W (heterogeneous) - T: The weight tensor that will be used in the convolutions; has size (M x C/group x kH x kW), where C is the number of channels, and kH and kW are the height and width of the kernel, and M is the number of feature maps. For more than 2 dimensions, the kernel shape will be (M x C/group x k1 x k2 x … x kn), where (k1 x k2 x … kn) is the dimension of the kernel. Optionally, if dimension denotation is in effect, the operation expects the weight tensor to arrive with the dimension denotation of [FILTER_OUT_CHANNEL, FILTER_IN_CHANNEL, FILTER_SPATIAL, FILTER_SPATIAL …]. X.shape[1] == (W.shape[1] * group) == C (assuming zero based indices for the shape array). Or in other words FILTER_IN_CHANNEL should be equal to DATA_CHANNEL.

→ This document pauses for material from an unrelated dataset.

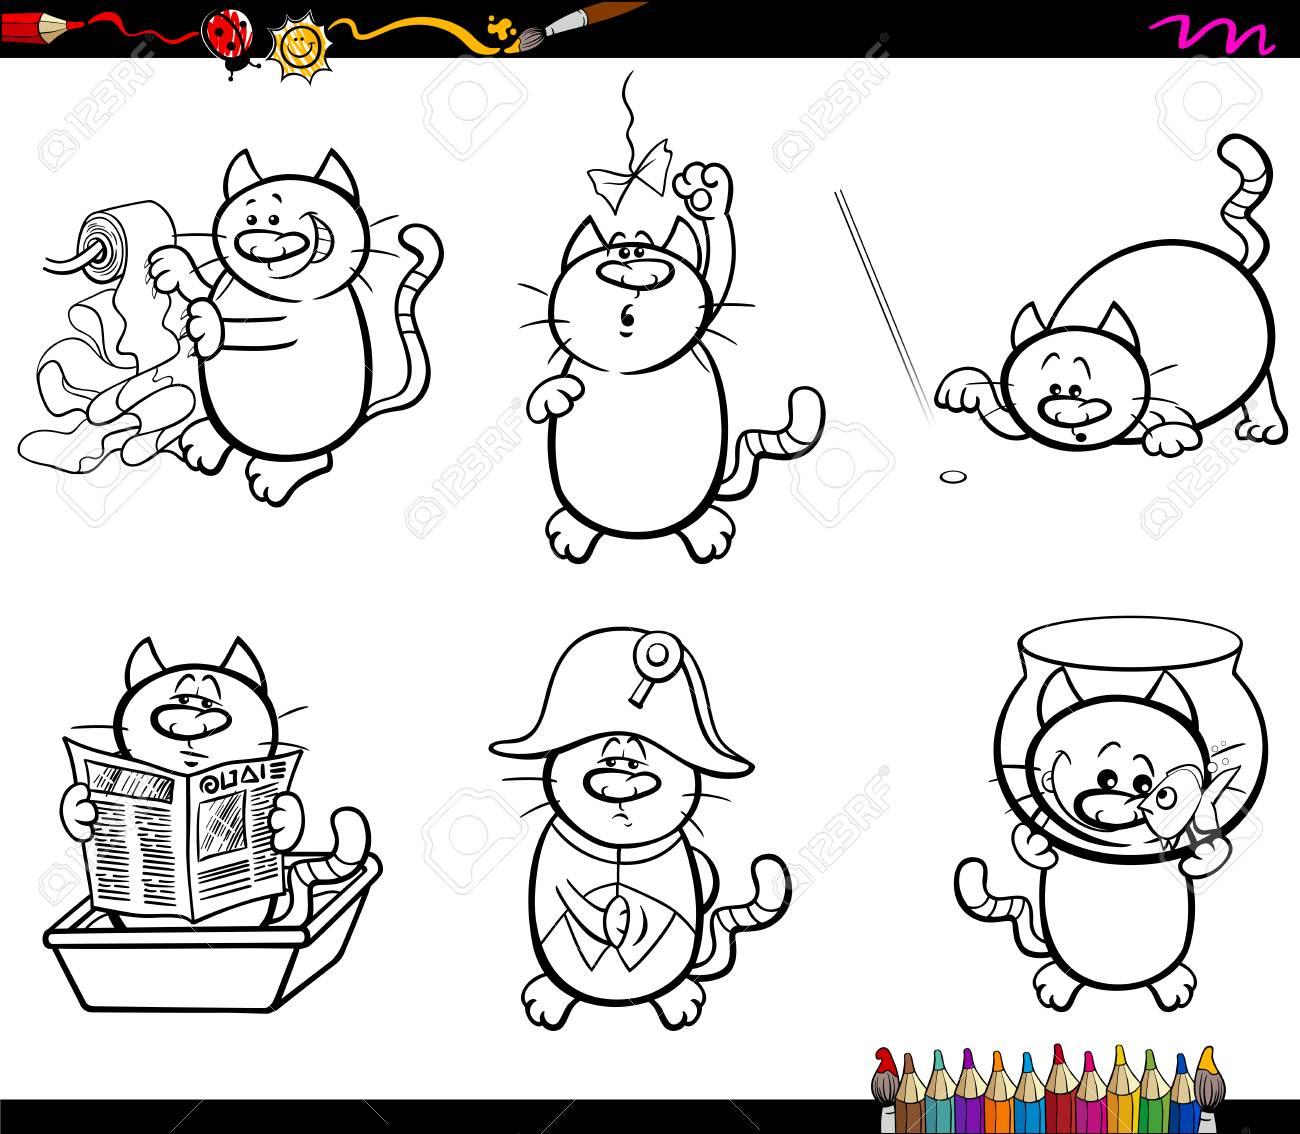 Ilustración De Dibujos Animados Blanco Y Negro Gatos Personajes De ...

B (optional, heterogeneous) - T: Optional 1D bias to be added to the convolution, has size of M.
Outputs
Y (heterogeneous) - T: Output data tensor that contains the result of the convolution. The output dimensions are functions of the kernel size, stride size, and pad lengths.
Type Constraints
T in ( tensor(double), tensor(float), tensor(float16) ): Constrain input and output types to float tensors.